Briefly, a flying creature goes past the "camera". Ever since the Dagobah scenes in "The Empire Strikes Back" it's kind of obligatory to have a strange winged, squawking critter flying past the camera in an alien swamp setting, so I had to have one too. However, I cheated with this one. I didn't build a new puppet for this single shot. Instead, I used a still image of a puppet I built for my US filmmaking buddy James Balsamo earlier this year.
These long-legged fish-like critters are called "seatars" in Balsamo's movie "Raven Slender: Alien Danger", where they're a background feature, again, like in the original Star Wars movies. I'll do a post specifically about my work on that project. I simply removed the legs in Photoshop and added a couple of stock footage CG wings in After Effects.
So, what about the actual swamp of the Swamp Dweller? It looks nice and dense but is actually made up of only three models, plus a few close-up photos of lichen and mosses.
I wanted a forest of huge strange-looking plants dominating the environment.

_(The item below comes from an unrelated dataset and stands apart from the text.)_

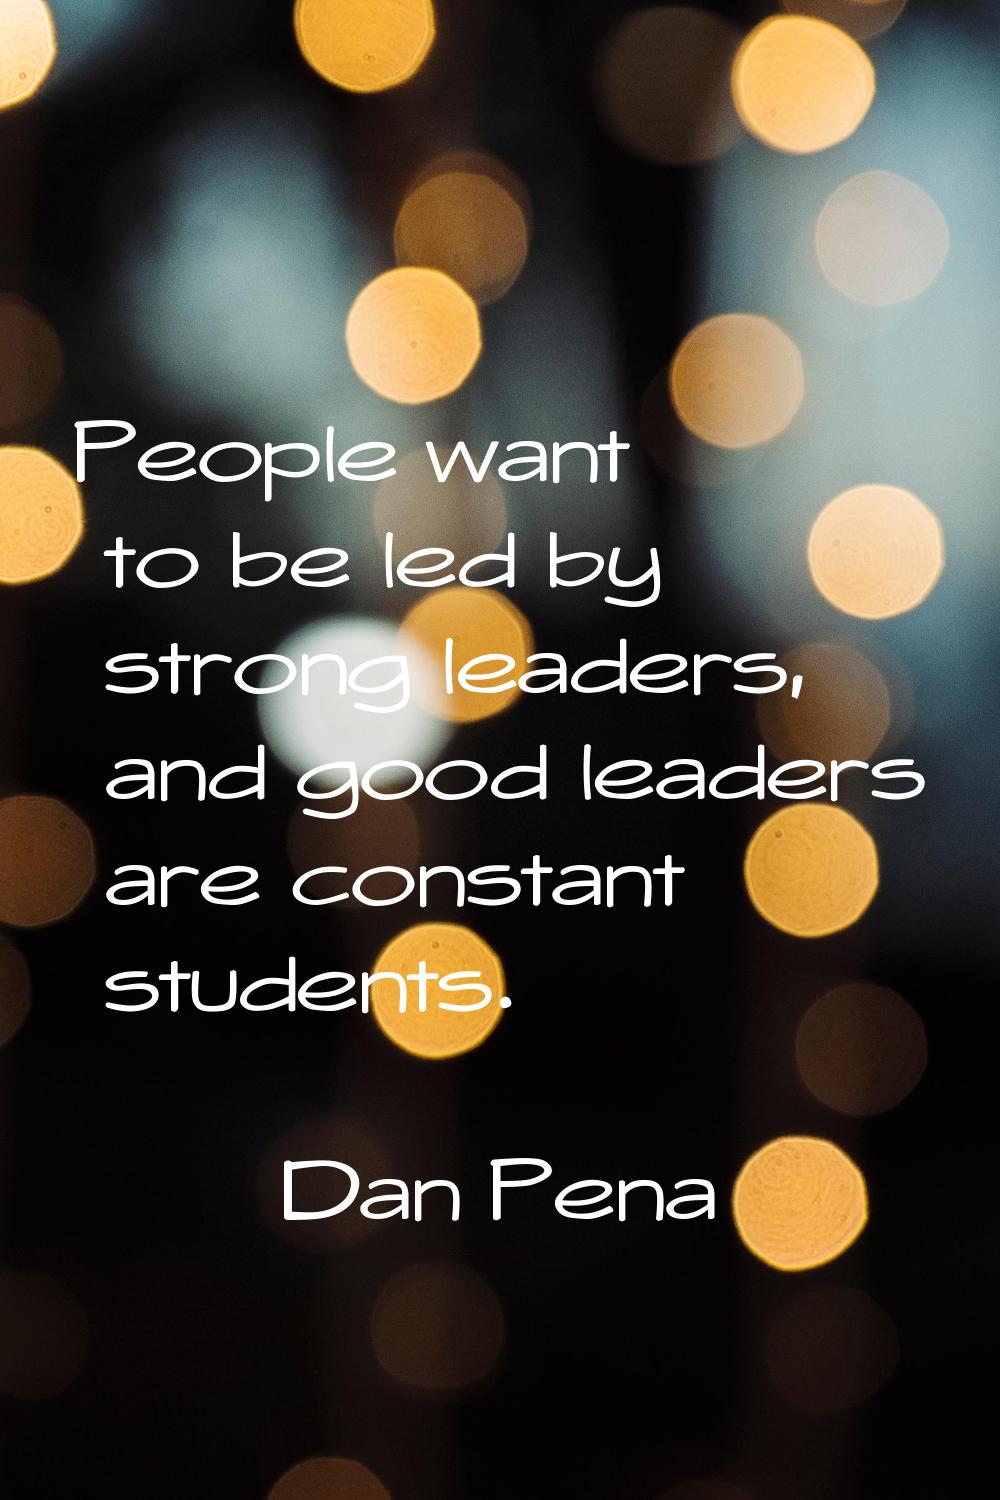 People want to be led by strong leaders, and good leaders are constant students.

So I built a single model which was very detailed and allowed for close-quarter shots. This model had a simple armature made from thick aluminum wires and steel wires attached to an empty paint jar, using thermoplastic to fix everything in place. I also made a bunch of tentacles -steel wires wrapped in thick yarn- and stuck them to the paint jar base.
The huge roots were padded just like I pad my puppets, with strips of polyurethane foam wrapped around the metal wires.
The finished model has a covering of very detailed latex skins, again pulled from older skin texture molds. Tinted latex was sponged on and then I applied dots of glitter glue here and there to add shiny spots of beauty to the otherwise grotesque model. Hanging from the underside of the trunk are "air roots" made from "chunks o flesh", basically a thin surface of tinted latex scrunged up. This technique produces lovely organic-looking shapes, and I've used it many times on my puppets.
Both the roots and the branches can be positioned in endless ways, so that's exactly what I did -I bent the various parts, took a photo, re-positioned the parts, turned the model a bit, and took another photo. Eventually, I had a bunch of photos of these alien trees that I could layer in After Effects to make a dense forest.
I also made this fungus for the swamp. The stem is a plastic tube, actually a effervescent vitamin tablet dispenser, covered with a thick latex cast from another texture mold. The top is another prop made for the same project from which I took the back shell for the prickleback. I had it lying around my workshop for many years, and eventually it ended up here.
This strange plant was built in a similar very quick way. The trunk is another empty paint jar covered with "chunck o flesh" and spike outgrowths made from cotton soaked in tinted latex. Both this prop and the fungus were photographed multipal times from various angles and cut out in Photoshop to be added to layers in After Effects.
"Swamp Feeder" was entirely inspired by the image art of Clark Ashton Smith, and it was a fun project to do. Andreas who played the hunter also had fun, though he went through a very demanding make-up process. I'll most likely do similar projects, where I'm more inspired by imagery rather than a story that's already written by someone else.
The music was especially composed by my italian friend Marco Zanelli, who produced it in record-breaking time. I'm glad I have so many talented collaborators!